Today, comparatively speaking, the advisor’s task is notably more involved: Helping clients to choose appropriate accounts and understand their mechanics and knowing whether or not clients should take Canada Pension Plan (CPP) payments and draw down assets without triggering Old Age Security (OAS) claw backs were two examples. Business owners also routinely seek help from their advisors with succession planning and advanced tax strategies are necessary to help clients keep cottages in the family.
“The process gets to a point where you really want to make sure you actually choose your clients,” says Jonathan Durocher, president of National Bank Financial Wealth Management of the know-your-client process and other related facets. As investors become more informed too, the experts add, expectations also change.
Preferences can’t be generalized by generation, either. McNally points out that three different Gen Z clients can think about investing in wildly different ways. Across the board, however, generations of clients do appear to want an omni-channel experience. “I think we need to get a lot better at being comfortable in that digital world (podcasts, YouTube and TikTok) because they expect it. And we need to be able to change really quickly because the pace that they’re changing at is really, really fast,” she says.

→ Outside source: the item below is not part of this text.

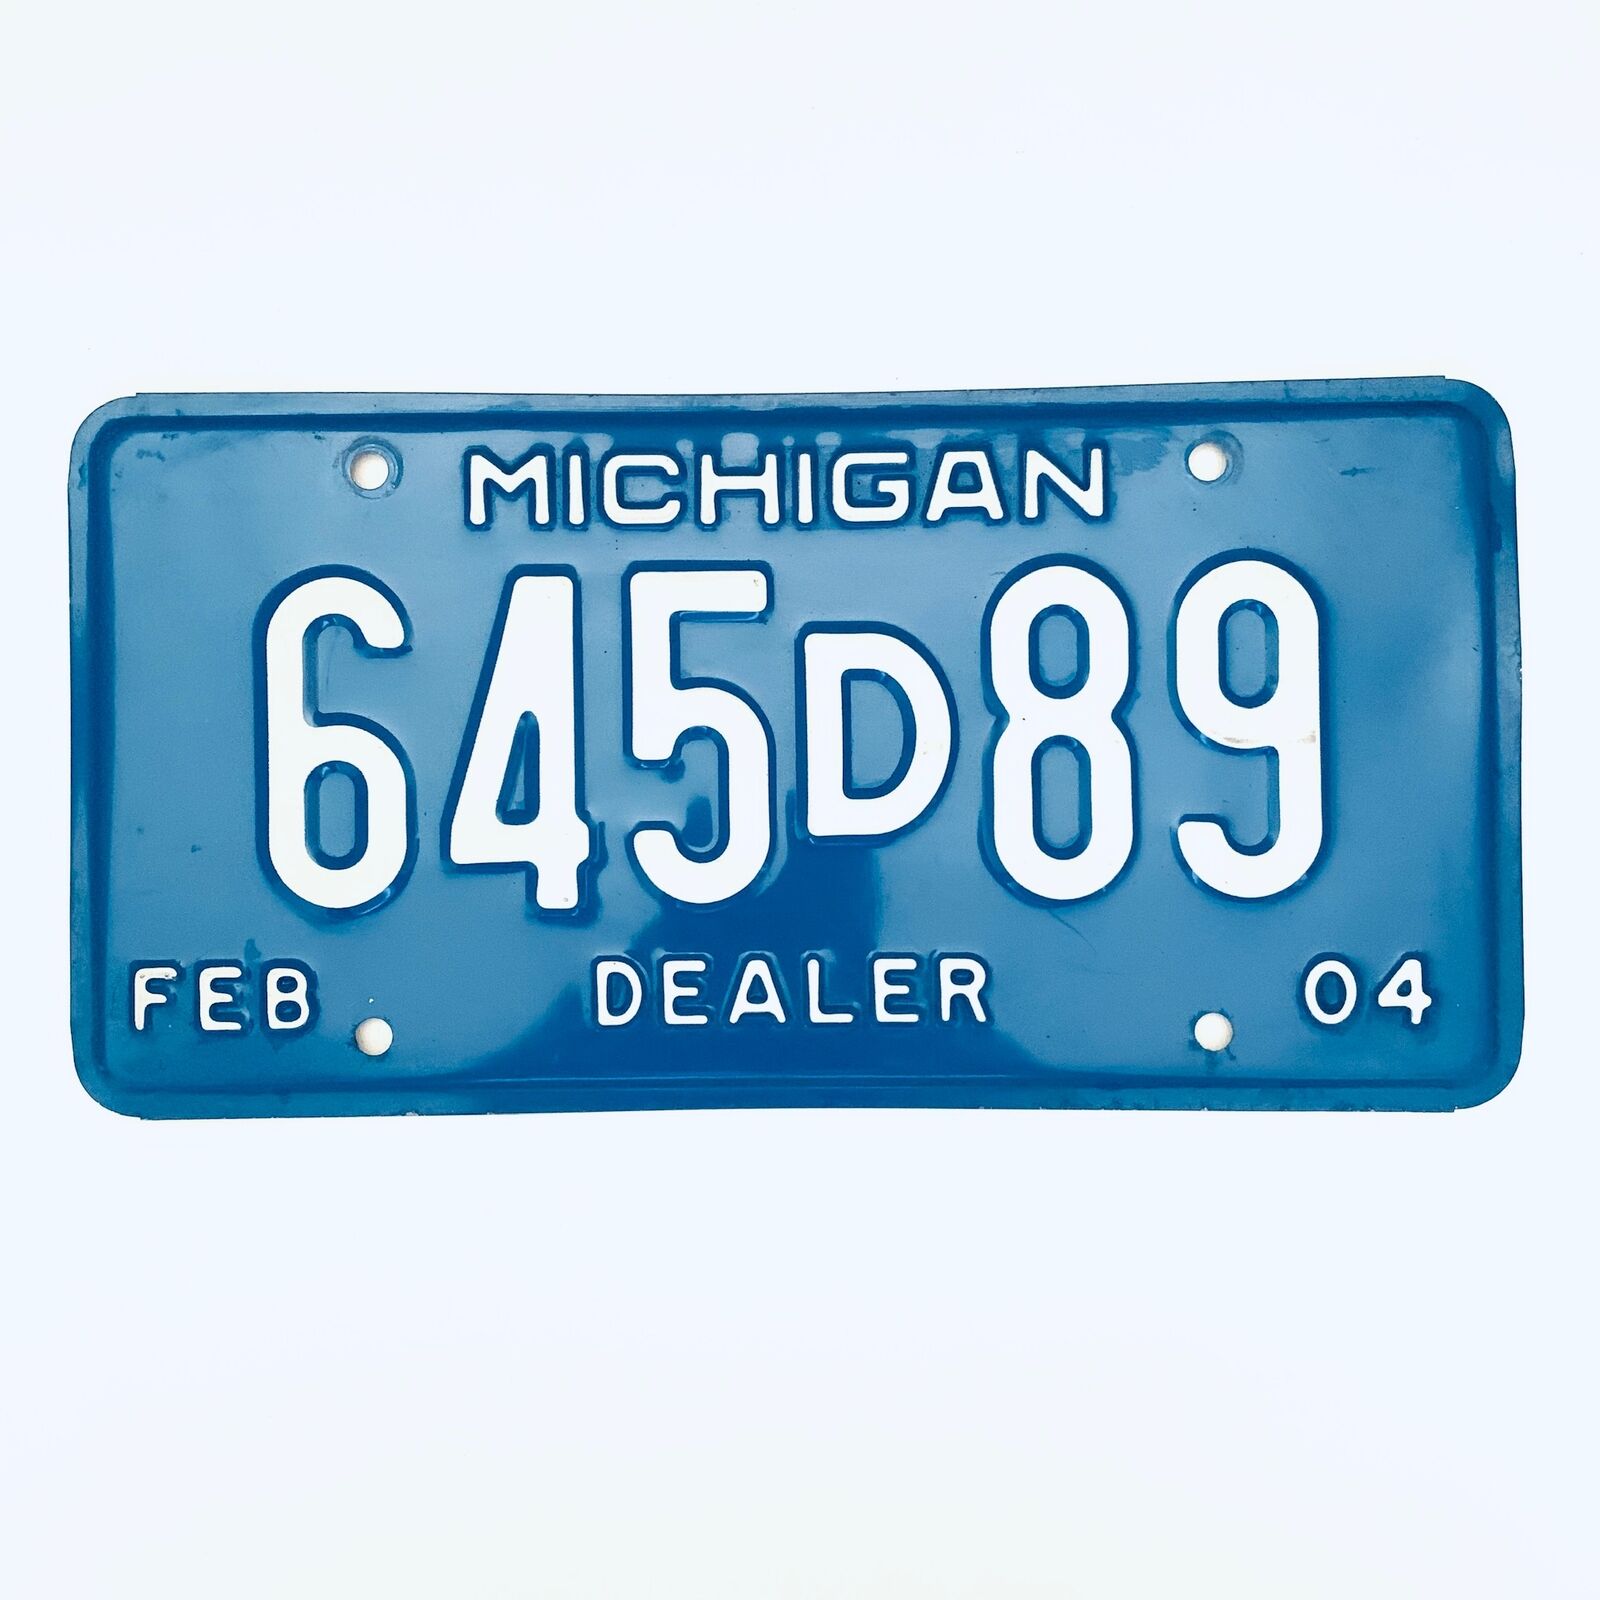 2004 United States Michigan Base Dealer License Plate 645d89

Developing talent was brought forth as one solution to the communication gap which might exist between prospective clients and older advisors.

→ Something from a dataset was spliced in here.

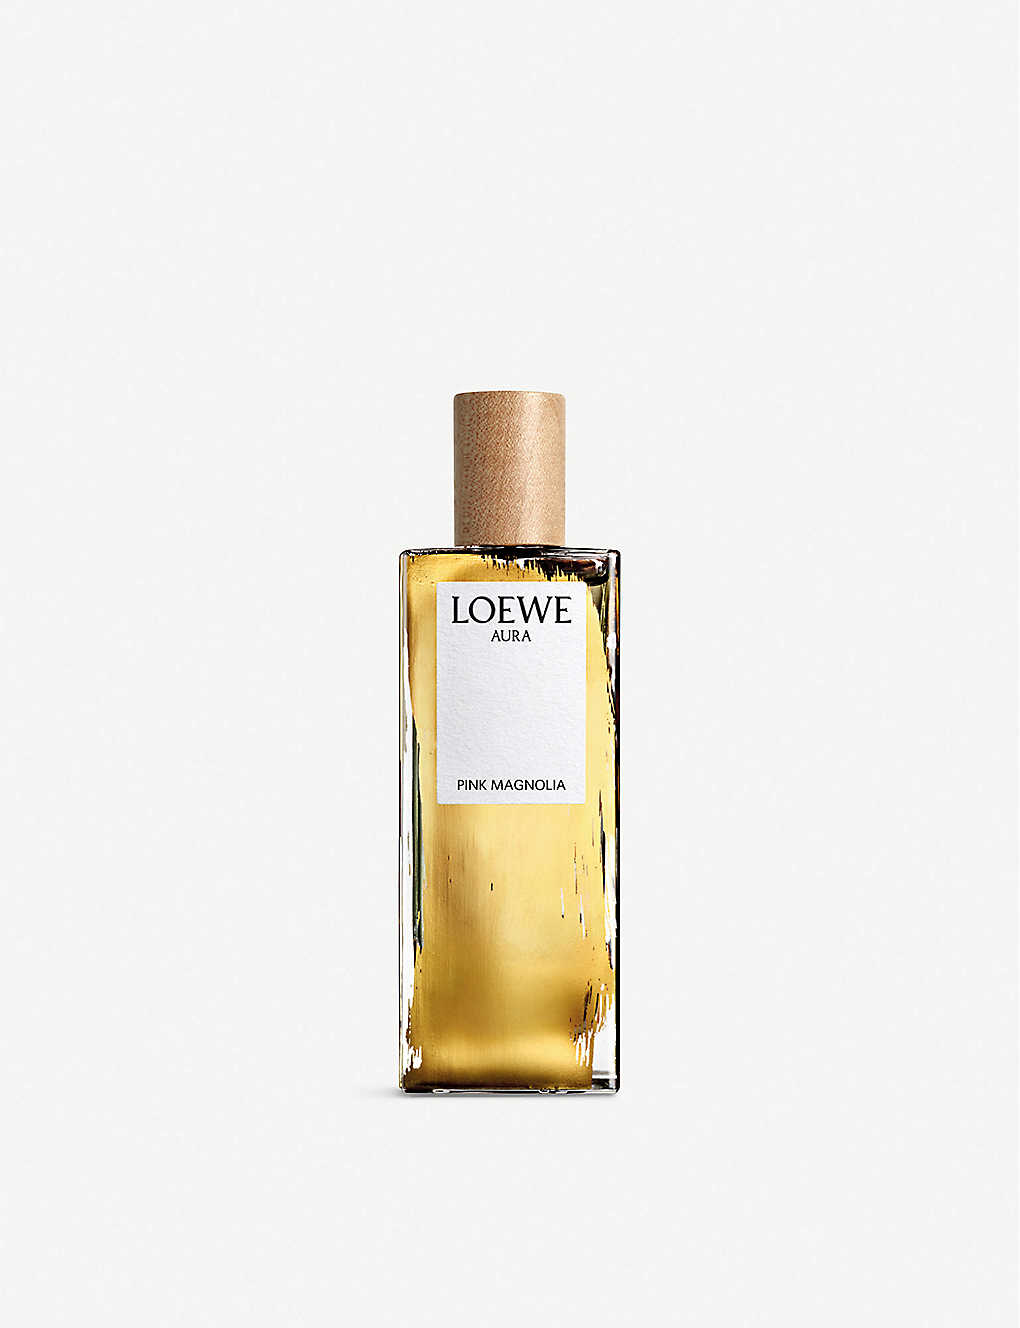 LOEWE - Aura Pink Magnolia eau de parfum 100ml | Selfridges.com

“Every generation is going to have their own perspective. I think the best way to actually do a good job is to ensure that we have a different generation of advisors that are able to cater to that reality. That’s what we’ve been doing with a good amount of success,” Durocher says.
Riley Etheridge Jr., president of North American wealth management client group with Capital Group says he is also encouraged by programs in the United States, where he says the average advisor is even older than in Canada. “I’m super excited to see the university programs that are growing around financial planning in places like Texas Tech and the University of Georgia and Kansas State University. There are 200 to 300 students in those programs that are going to graduate with the academic requirement to be certified financial planners. They’ll give advice to our kids.”
Returning to the problem where advisors need to make tradeoffs about the clients they serve, a trend which puts smaller balance-holding clients at risk of being left behind, Durocher points out that technology can help.
“There is that risk for smaller balances out there. It’s up to us as an industry to pick them up and not leave them behind. It’s something I think we’ve got to keep pushing for as an industry – to be better there,” he adds.
Financial planning tools developed for larger clients are now being used to serve smaller investors, as well. “We are in the middle of a big digital transformation. And really, the goal is that advisors become more productive, that they’re spending more time with their clients,” says Brittany Bascom, head of platform and product with Manulife Securities, who adds that compliance supervision also becomes easier with this investment in technology.
“What I’m noticing with advisors, when it comes to the regulation, those who are embracing it, they’re winning,” says Bascom. “They’re building better relationships. Those advisor books are growing.”
Going forward, McNally says one of the relatively near-term challenges advisors will face is the prospect of bringing clients back to the discipline of long-term investing.
“I think a lot of long-term investors have become short term investors recently,” she says. “I think it’s become much harder for advisors to have the conversation about staying invested long-term when GIC rates are getting five per cent or higher. It’s been a lot easier to sit back and sell that GIC.”
She says shifting this conversation has become a priority for the firm.
“I think over the next couple of years, especially as rates start to come back down, we’re going to have to restart those conversations with investors about thinking about their medium-term goals and long-term goals and moving them out of cash,” she adds. “History shows that investors are not very good at timing that and getting back in at the right time. I think that’s one of the things that we’re going to be spending time on in the next few years.”